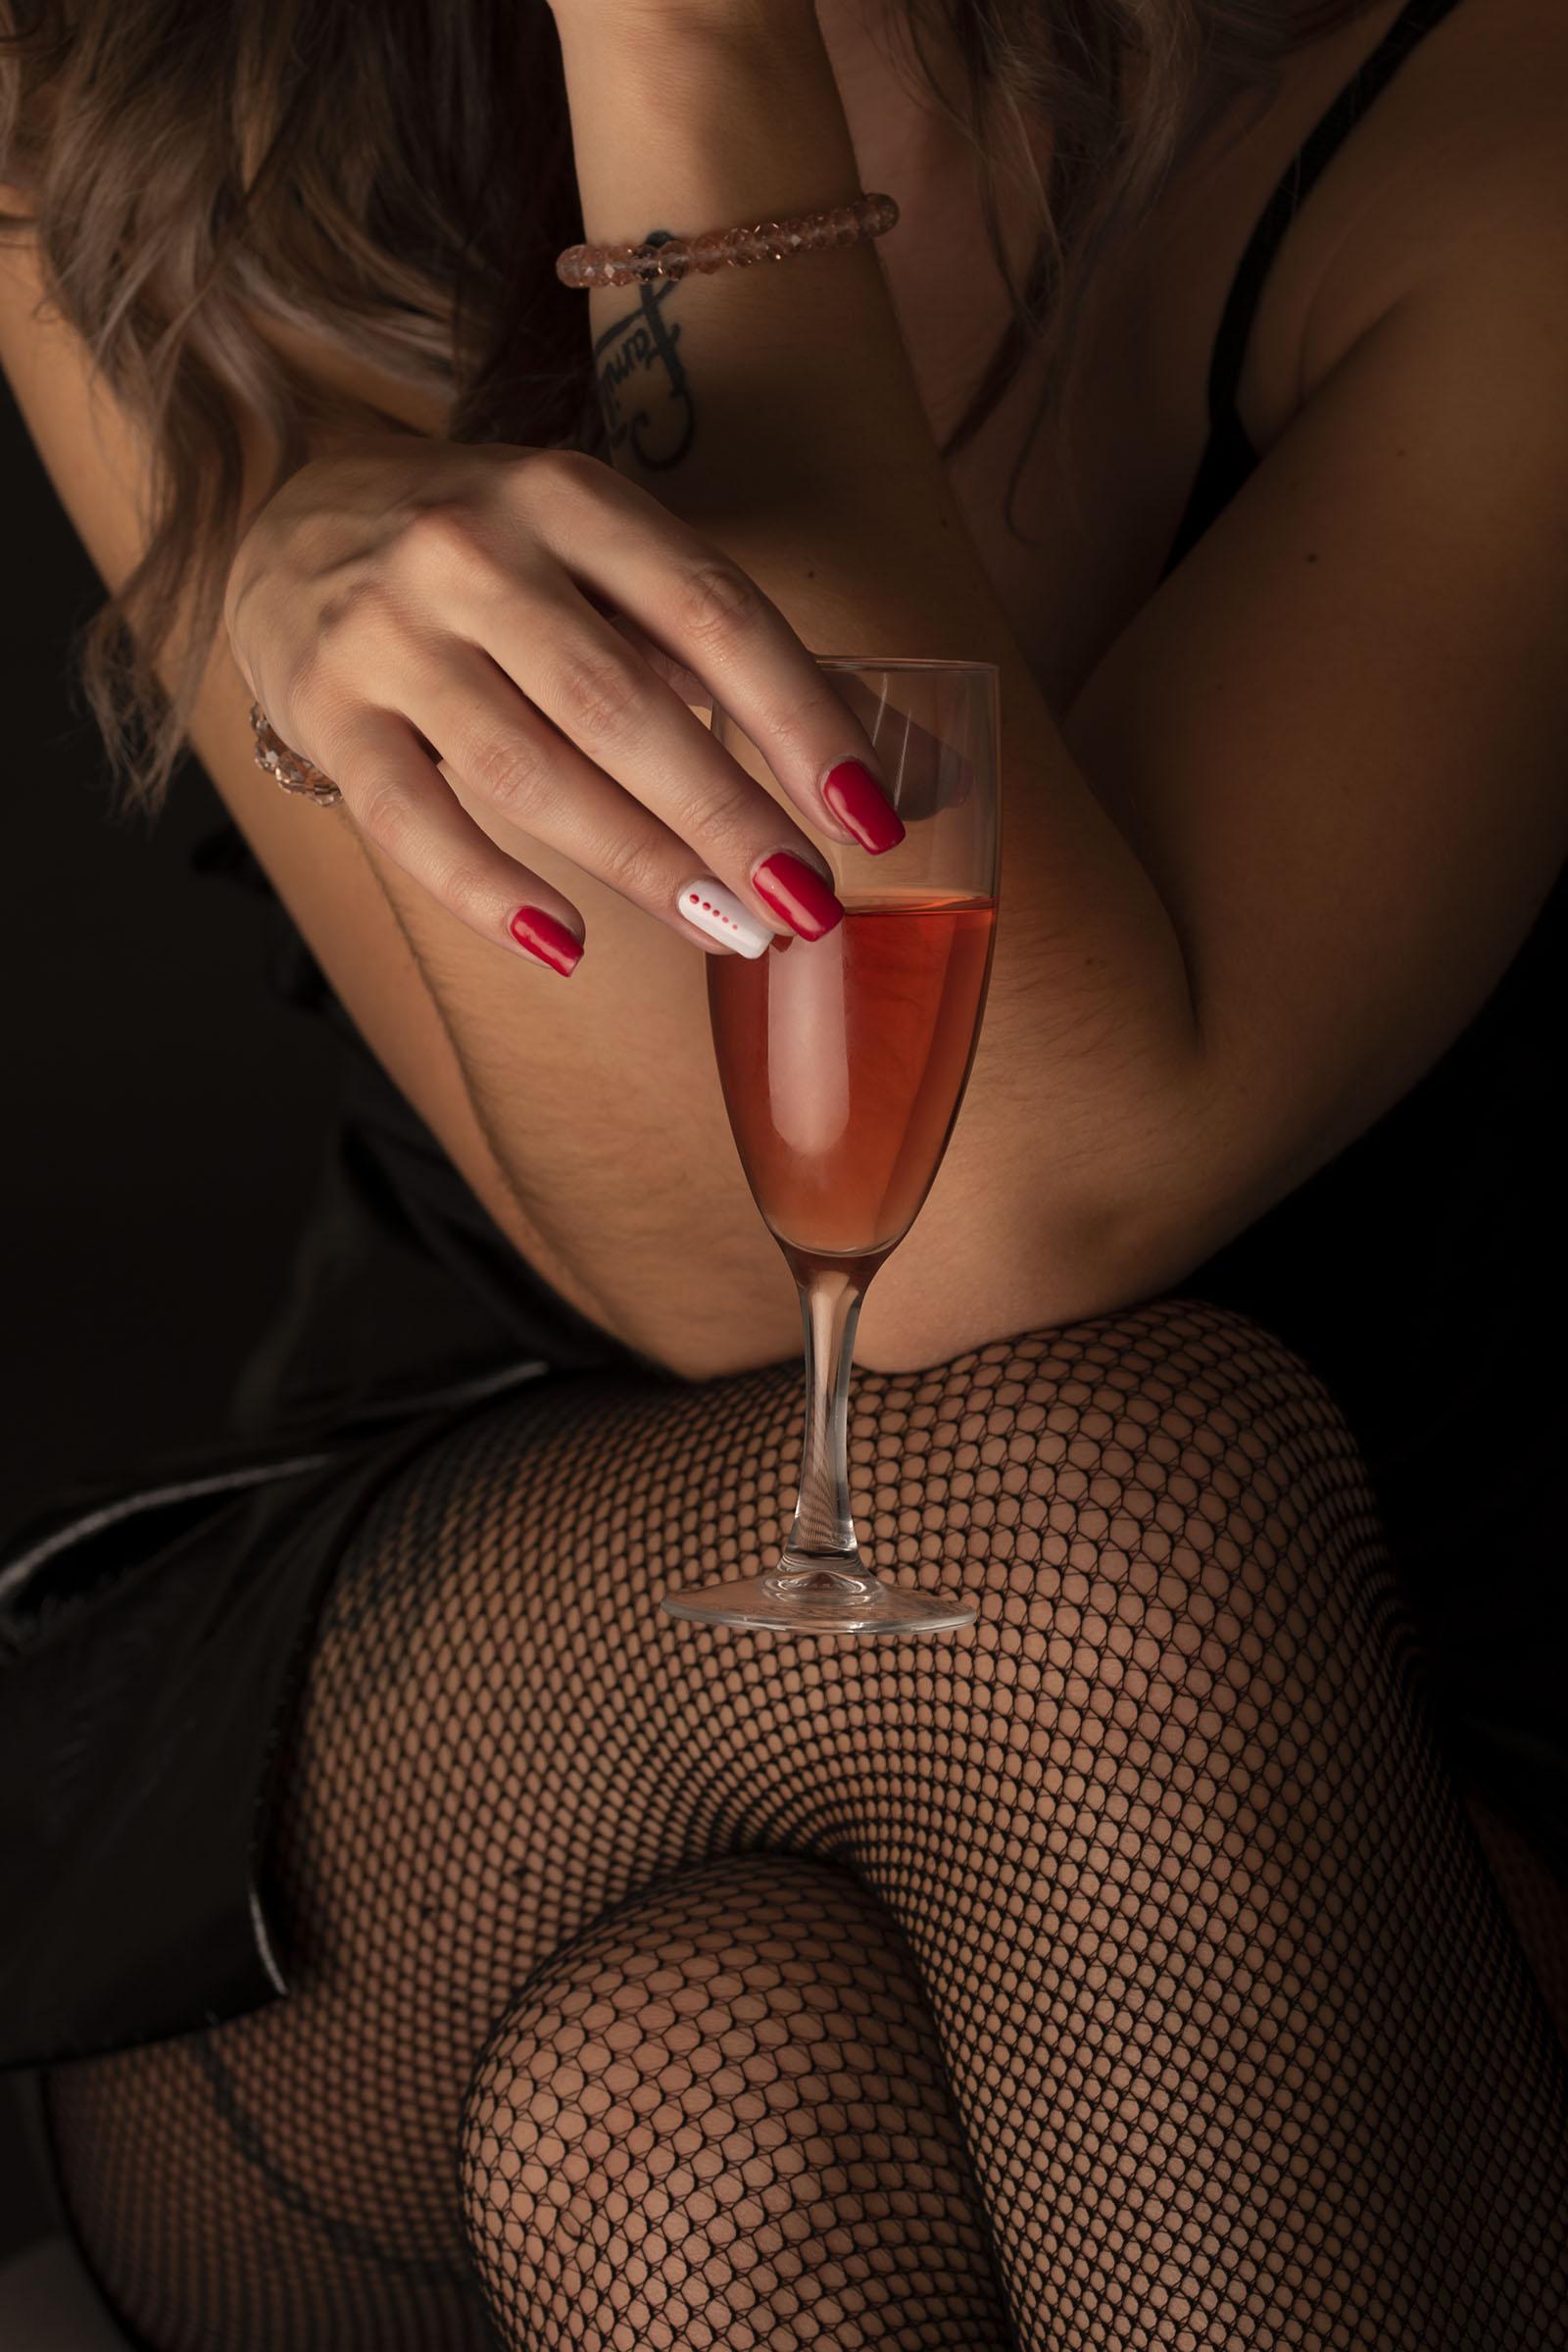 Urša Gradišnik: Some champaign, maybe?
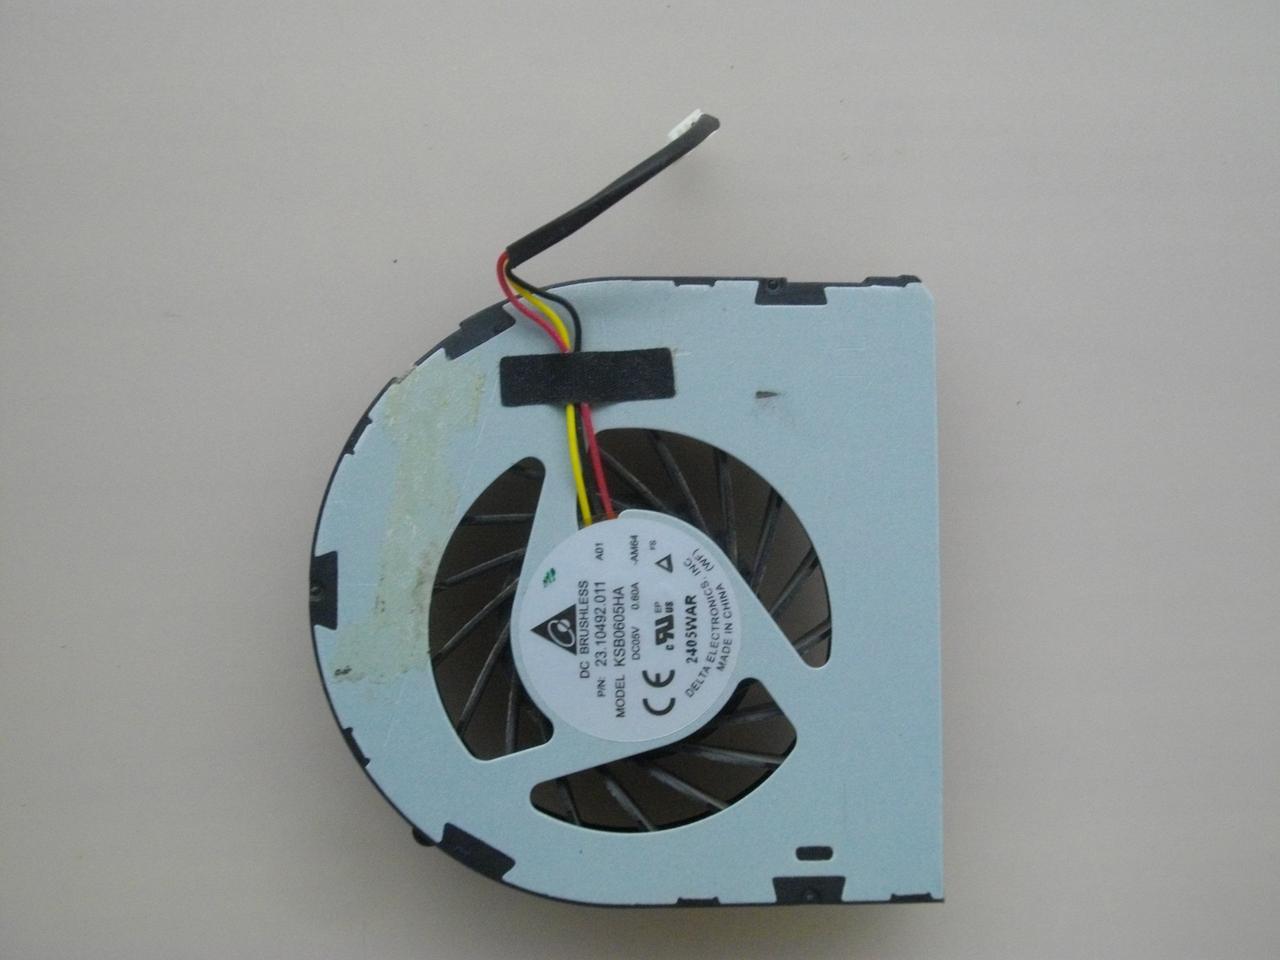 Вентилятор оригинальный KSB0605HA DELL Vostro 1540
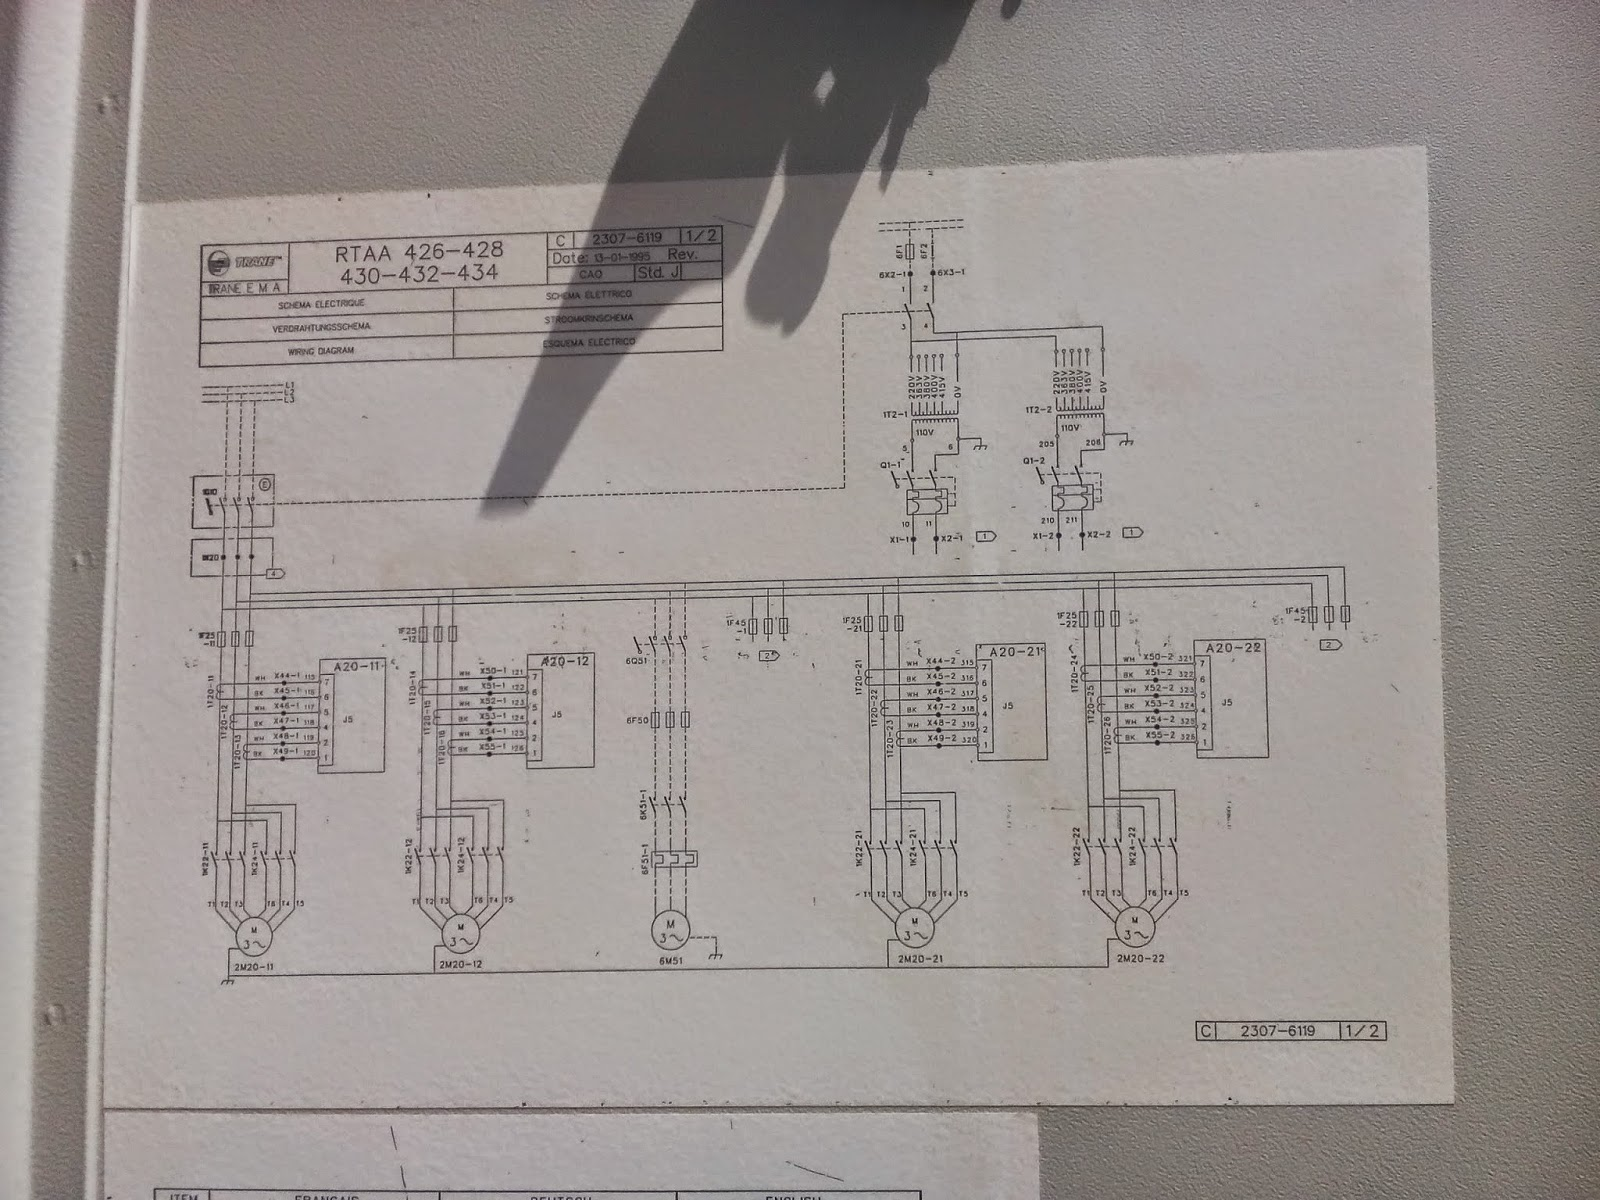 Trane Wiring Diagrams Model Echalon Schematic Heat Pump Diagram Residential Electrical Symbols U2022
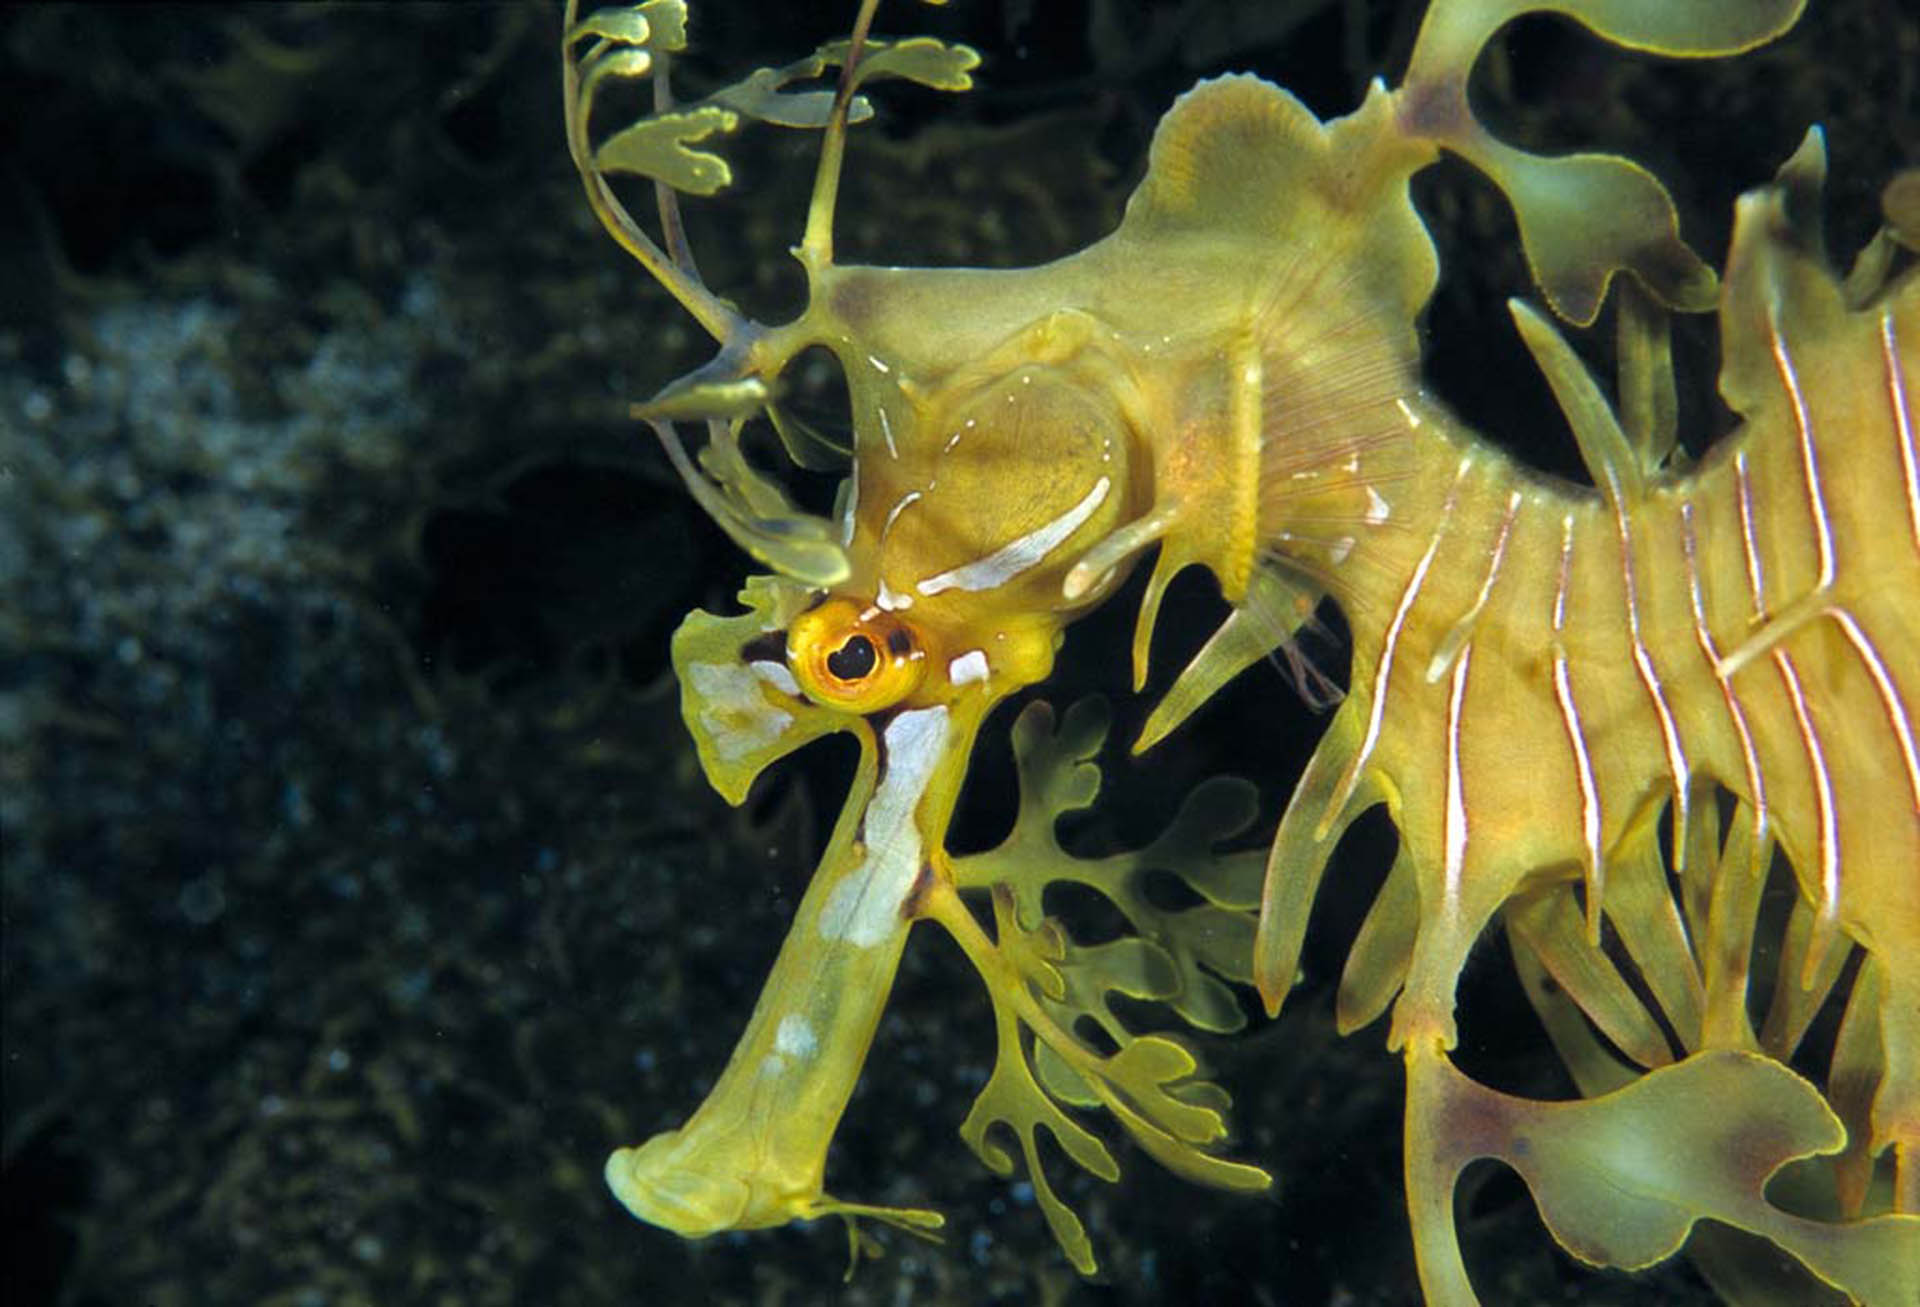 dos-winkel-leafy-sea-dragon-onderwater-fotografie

* Exercise objective *
Reproduce the listing exactly, but omit every picture in it.

* Answer *
 Urša Gradišnik: Some champaign, maybe?
 Вентилятор оригинальный KSB0605HA DELL Vostro 1540
 Trane Wiring Diagrams Model Echalon Schematic Heat Pump Diagram Residential Electrical Symbols U2022
 dos-winkel-leafy-sea-dragon-onderwater-fotografie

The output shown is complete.